Oleh The Lawu Post
Politik di Jawa Tengah tak pernah statis. Ia adalah panggung panjang yang menguji watak, visi, dan ketahanan aktor-aktornya. Di antara puing-puing elektoral pasca-2024, ketika suara Golkar di Jawa Tengah belum cukup mengguncang, muncullah sosok Mohammad Saleh—tenang tapi tegas, teknokrat yang paham politik, dan politisi yang tak kehilangan arah pembangunan.
Terpilih secara aklamasi sebagai Ketua DPD Partai Golkar Jawa Tengah dalam Musda XI, Mohammad Saleh tak datang sebagai kejutan. Ia datang sebagai kebutuhan. Di tengah kebutuhan akan arah baru, struktur yang rapi, dan kepemimpinan yang membumi sekaligus menatap jauh ke depan, Saleh adalah jawaban yang telah lama ditunggu.
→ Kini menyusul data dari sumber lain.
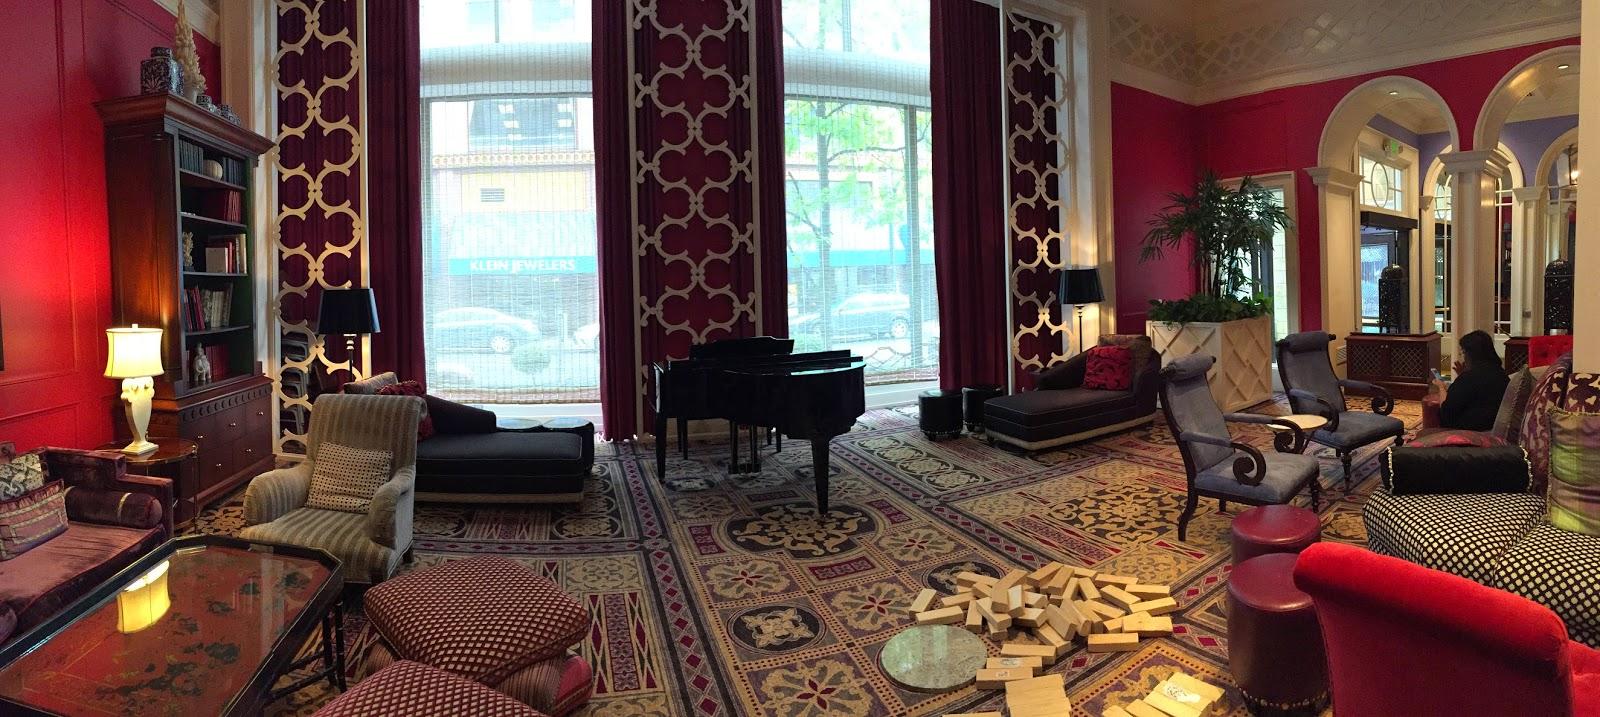 hotel-monaco-portland-review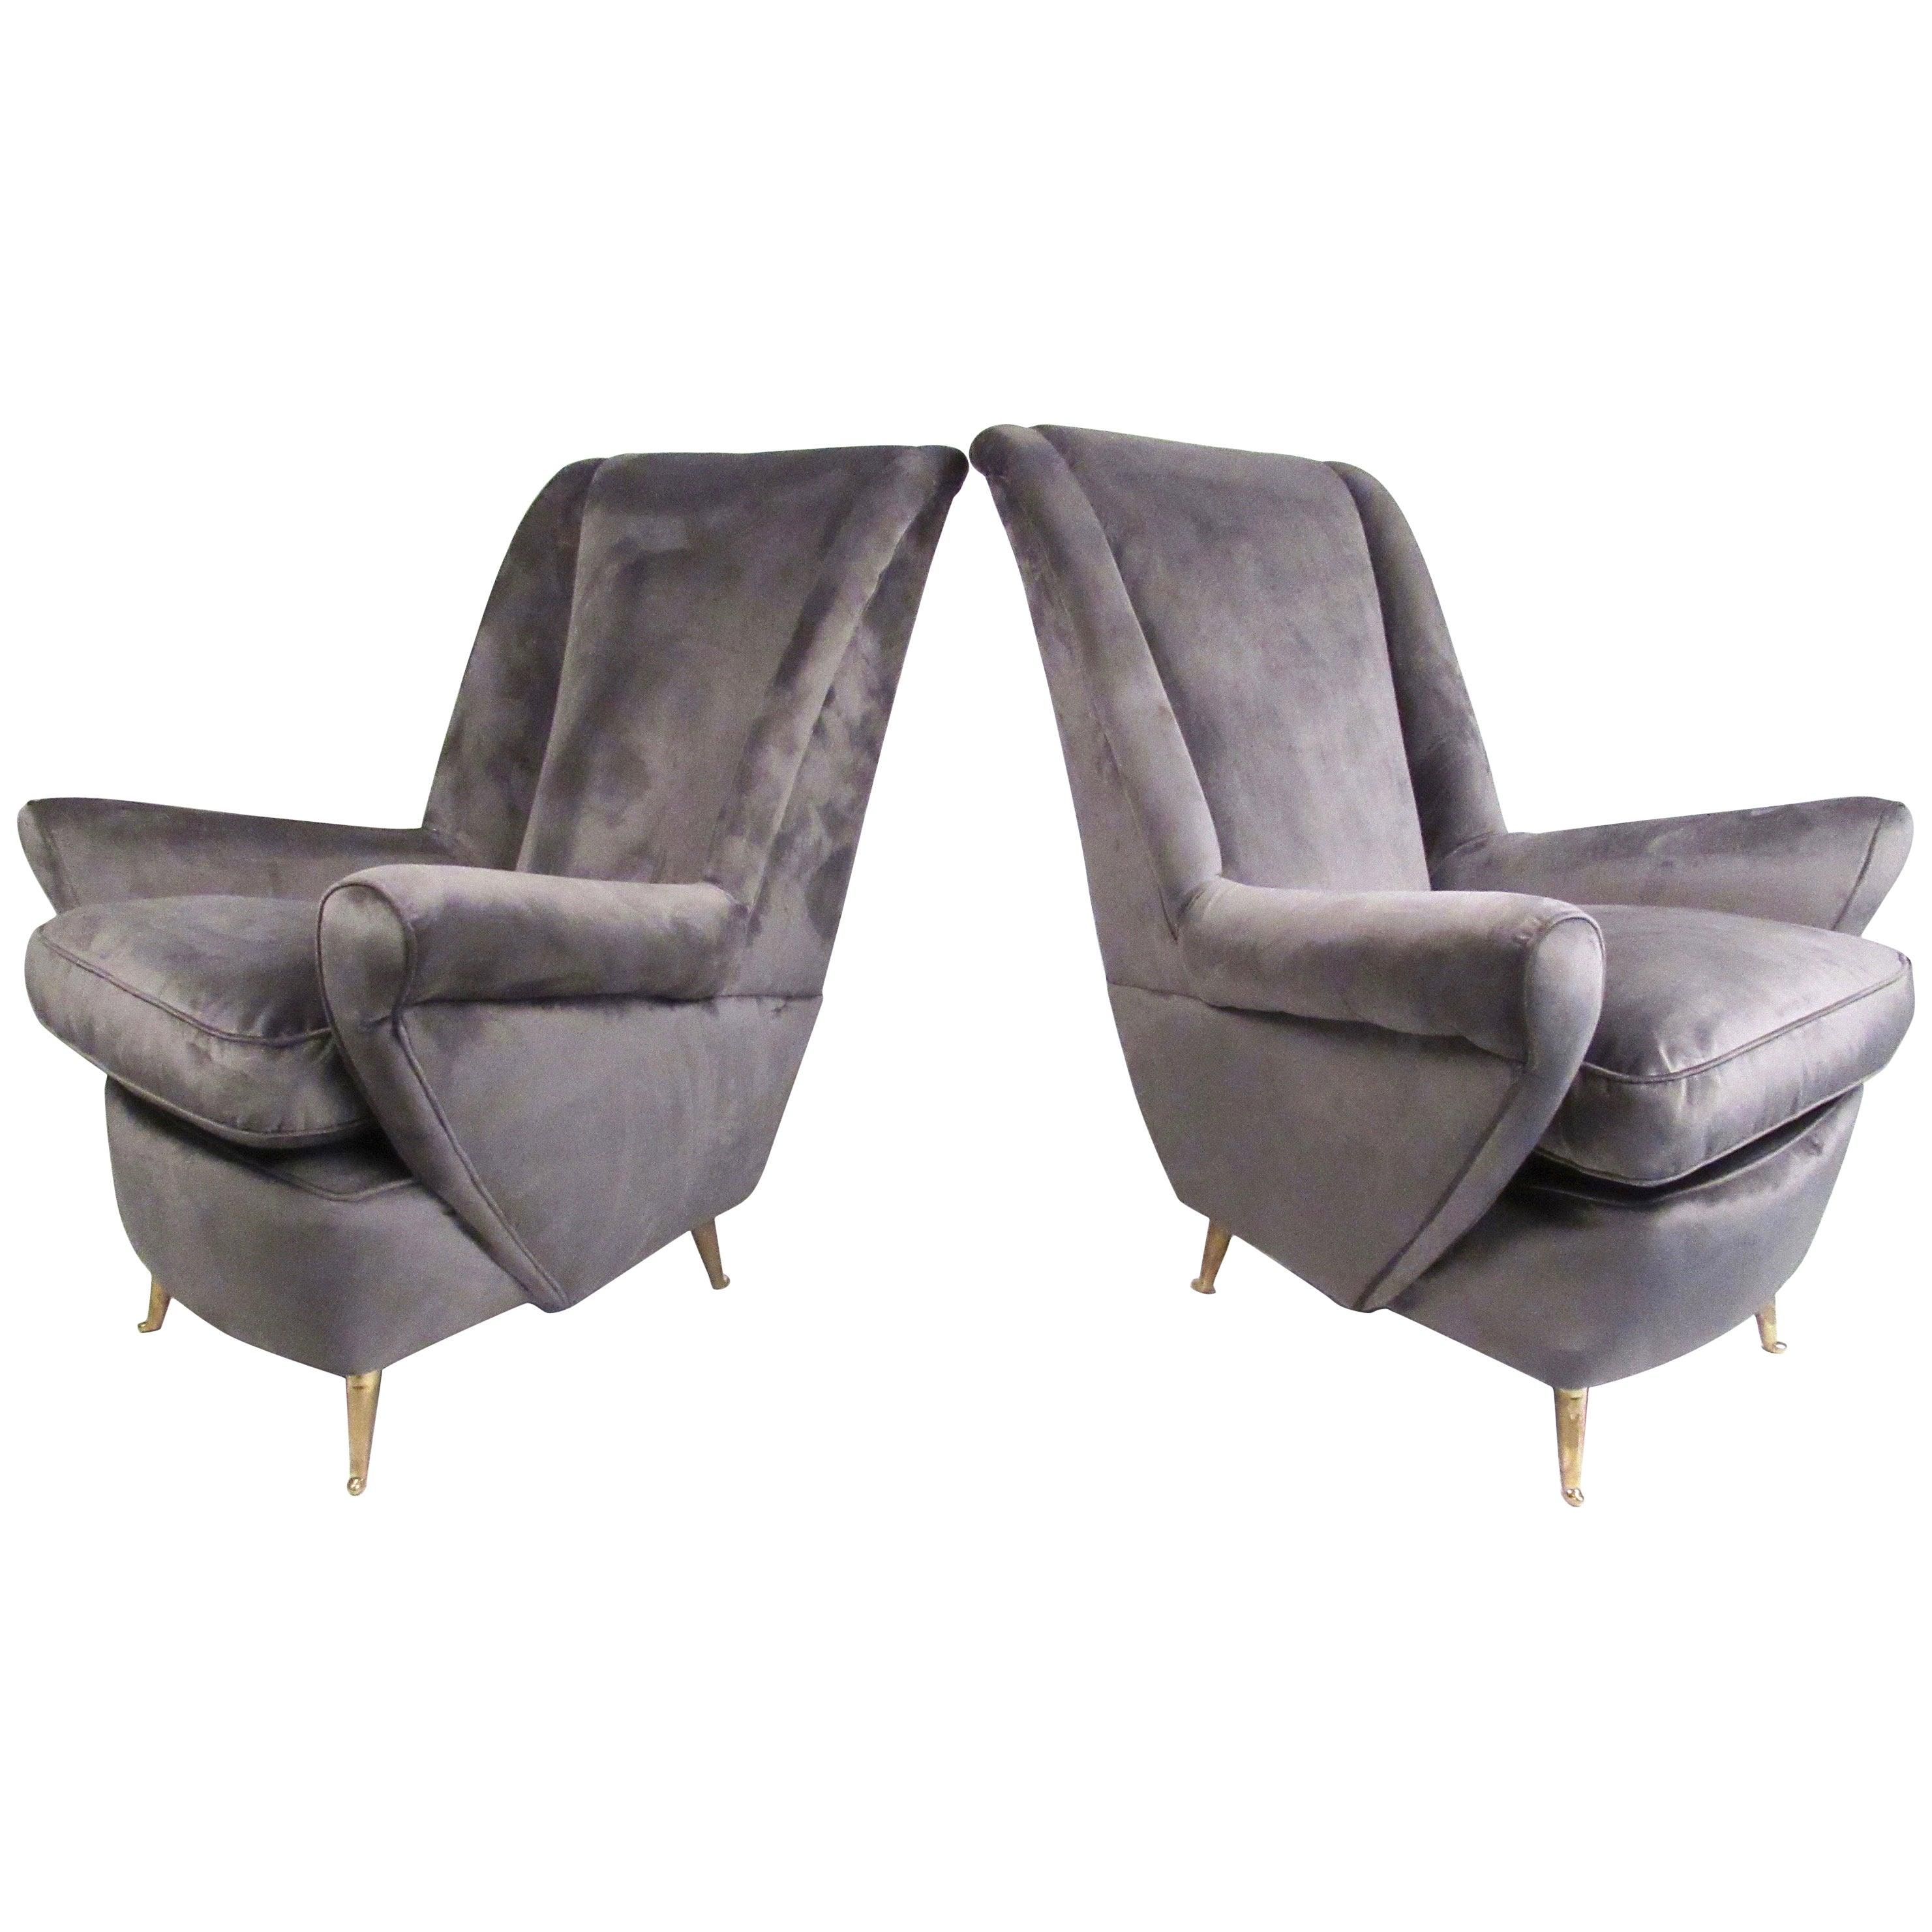 Pair Italian Modern Lounge Chairs for Arredamenti ISA

Politik sebagai Desain Jangka Panjang
Latar belakangnya bukan hanya kuat, tapi solid. Dari Ketua Komisi A DPRD Jawa Tengah hingga Wakil Ketua DPRD, dari aktivis Kosgoro 1957 hingga Ketua Umum PJSI Jateng, Saleh membuktikan bahwa ia bukan hanya pemilik loyalitas partai, tapi juga arsitek organisasi. Di balik karier politiknya, ada displin teknokratik lulusan Teknik Perencanaan Wilayah dan Kota UNDIP, dan nalar strategis sebagai Magister Energi.
Tak banyak politisi daerah yang berbicara tentang politik sebagai “perencanaan jangka panjang”. Saleh adalah pengecualian. Di tangan tokoh seperti inilah, Golkar tak sekadar bertahan—tapi berpotensi memimpin kembali.
Dari Bahlil ke Wihaji: Mandat Ganda, Agenda Besar
Ketua Umum Partai Golkar, Bahlil Lahadalia, menyampaikan amanah yang eksplisit kepada Saleh: benahi struktur hingga ke desa, konsolidasikan kekuatan tanpa toleransi bagi pengurus mati suri. Ini bukan sekadar tugas struktural, ini adalah uji kepemimpinan.
Wakil Ketua Umum Wihaji mempertegasnya: kuatkan jaringan, satukan faksi, bangun narasi politik baru dari daerah. Maka, di tangan Mohammad Saleh, mandat ini menjelma sebagai peta jalan: konsolidasi, regenerasi, ekspansi.
Saleh dan Politik Regeneratif
Yang membedakan Mohammad Saleh dari politisi lama adalah obsesinya terhadap regenerasi. Ia bukan hanya bicara soal anak muda sebagai ‘pelengkap semangat’, tapi benar-benar mendorong mereka masuk ke struktur inti. Ini bukan kosmetika organisasi, tapi penyemaian kader ideologis untuk 2029 dan seterusnya.
Dalam berbagai kesempatan, ia menyebutkan bahwa Golkar Jateng di bawah kepemimpinannya harus menjadi “tuan rumah di rumah sendiri.” Bukan hanya sebagai pengisi kursi legislatif, tapi sebagai pemilik narasi, pemegang logistik politik, dan penjaga kesinambungan pembangunan.
Magnet Baru di Tengah Pulau
Politik Jawa Tengah sedang mencari pusat gravitasi baru—dan dalam konteks ini, Saleh bukan sekadar ketua partai. Ia adalah magnet. Bukan karena popularitas, tapi karena kapasitas dan konsistensi. Ia bisa menjembatani logika elektoral dan idealisme partai. Ia bisa menjadi wajah baru Golkar di tengah peta politik yang sedang terfragmentasi.
Jika Golkar ingin kembali berjaya di 2029, maka Jawa Tengah harus menjadi basis. Dan jika Jawa Tengah ingin bangkit, maka ia butuh pemimpin yang tak hanya lihai bicara, tapi kuat bekerja—dan nama itu, hari ini, adalah Mohammad Saleh.
Catatan: Tulisan ini disusun berdasarkan kaidah jurnalistik dan prinsip pers yang menjunjung asas verifikasi, keberimbangan, serta kepentingan publik sesuai Undang-Undang Nomor 40 Tahun 1999 tentang Pers.